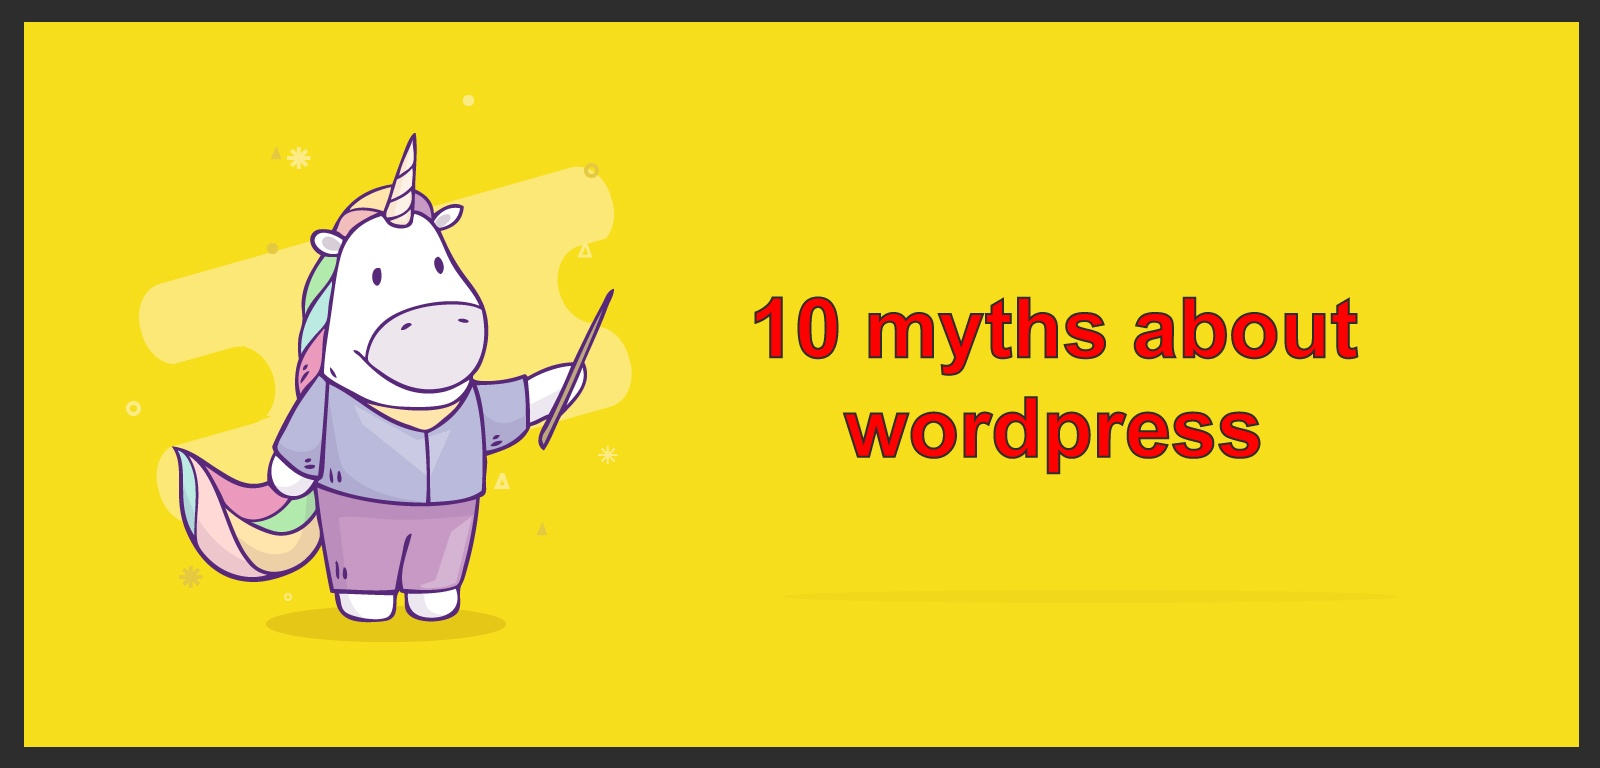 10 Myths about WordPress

========================

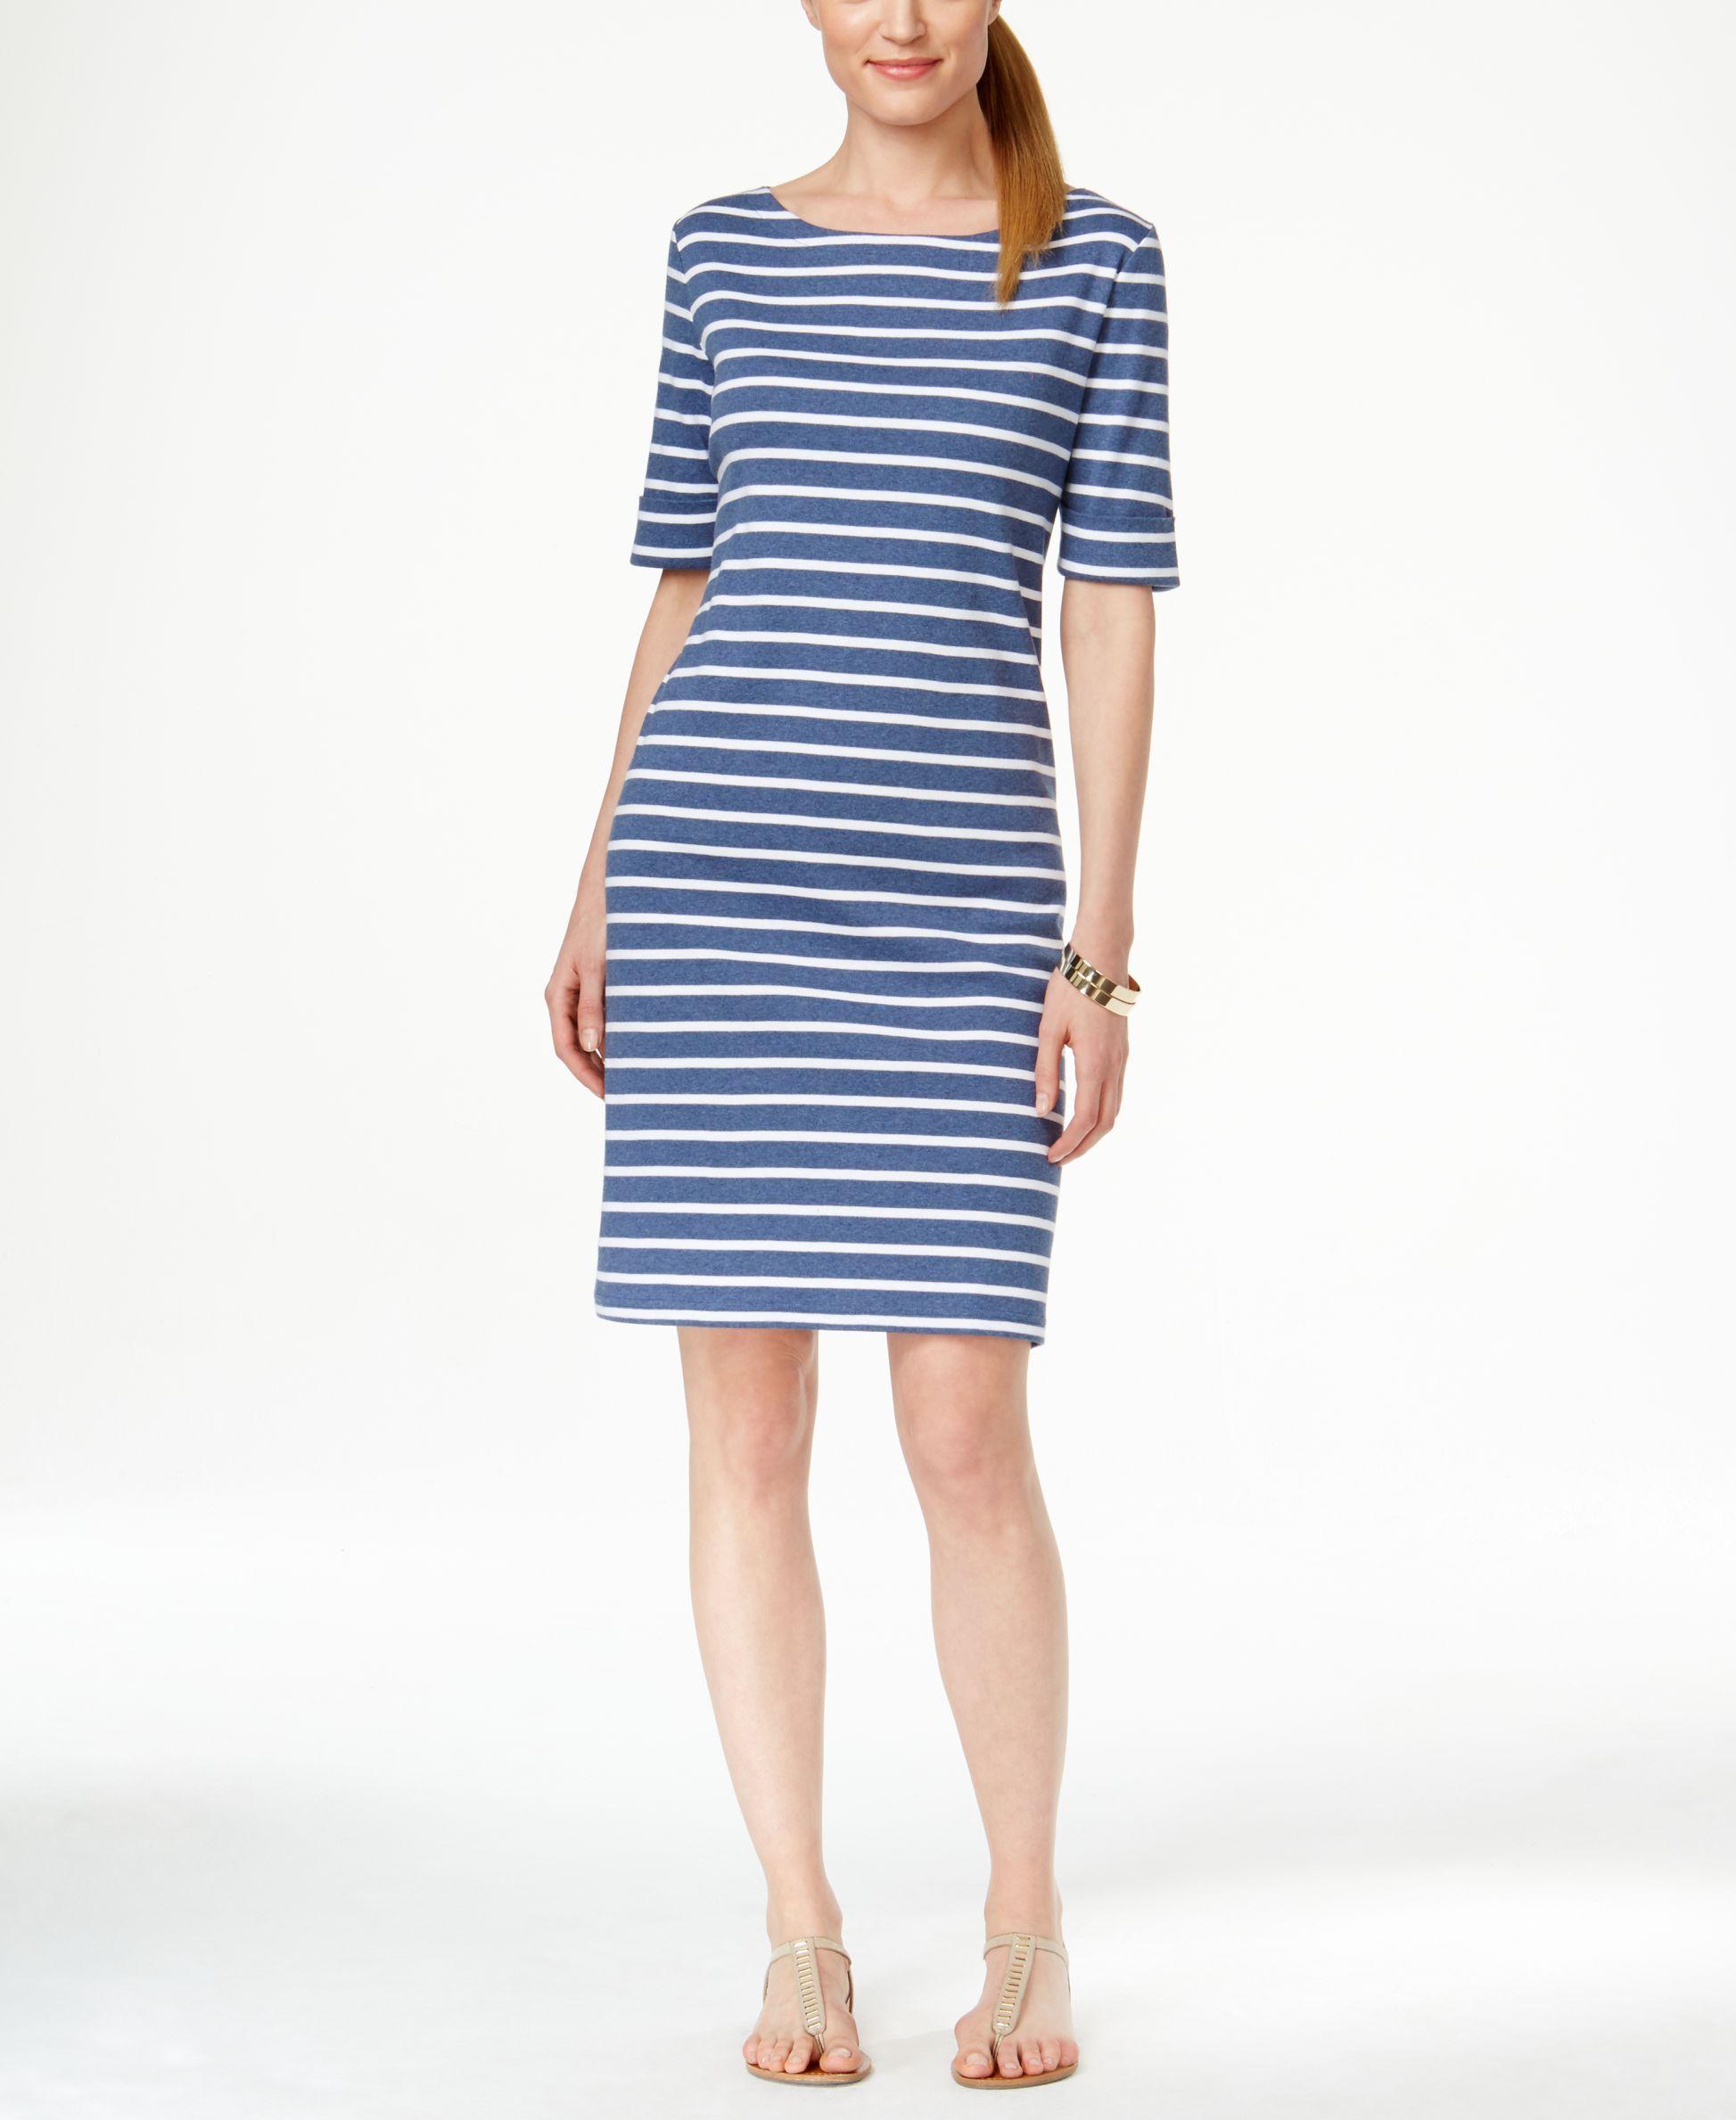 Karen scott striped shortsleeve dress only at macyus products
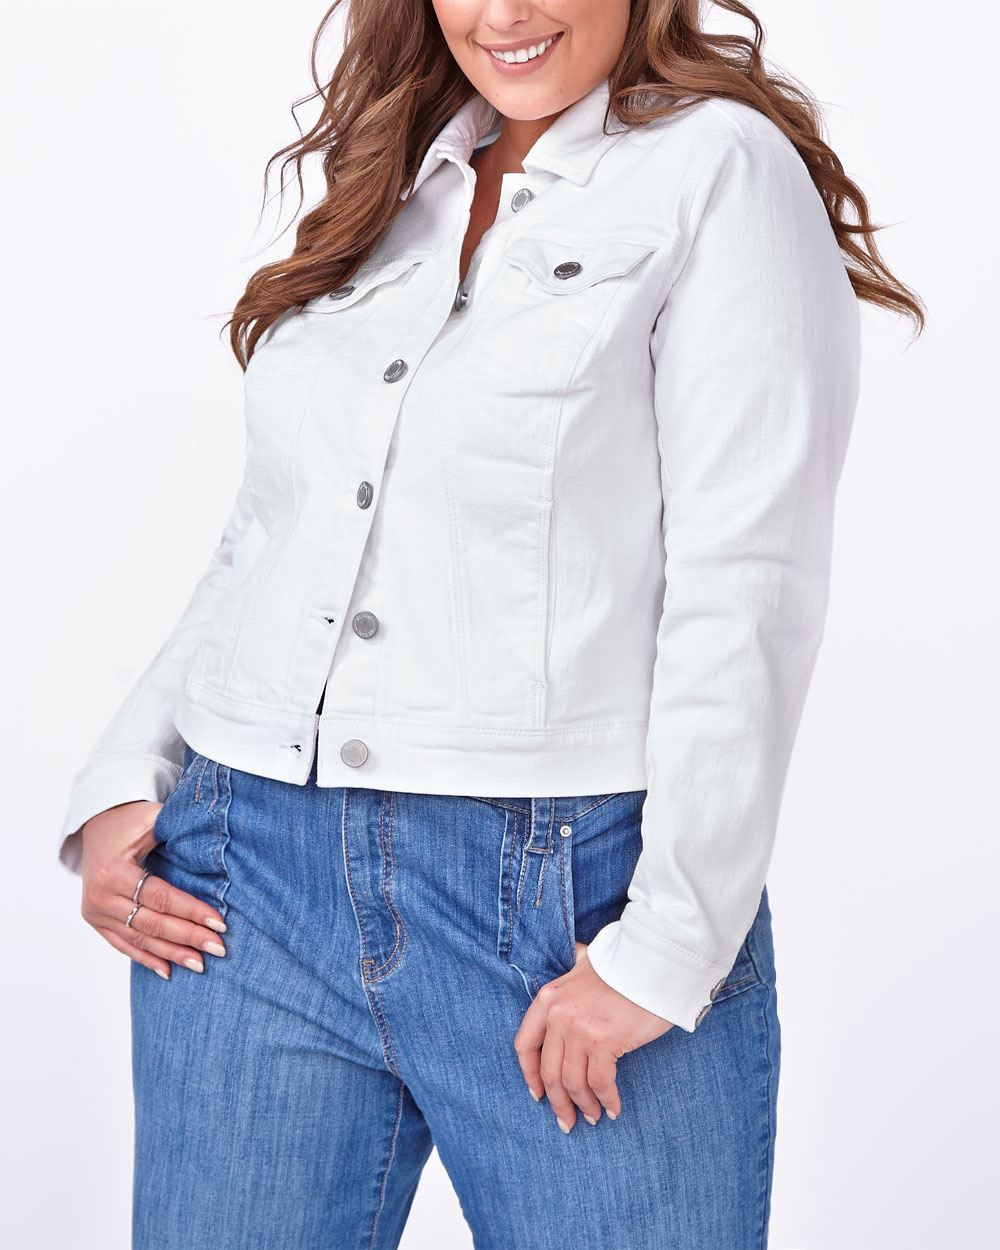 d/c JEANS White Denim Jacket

========================

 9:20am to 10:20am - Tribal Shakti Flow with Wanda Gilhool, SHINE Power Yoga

========================

• _WORK REQUIRED_
Both the line above containing "Karen scott striped" and the line containing "d/c JEANS White Denim Jacket" belong in the copy, along with every line between them; print these exactly and omit the pictures.

• _OUTPUT FOR THIS EXERCISE_
 Karen scott striped shortsleeve dress only at macyus products
 d/c JEANS White Denim Jacket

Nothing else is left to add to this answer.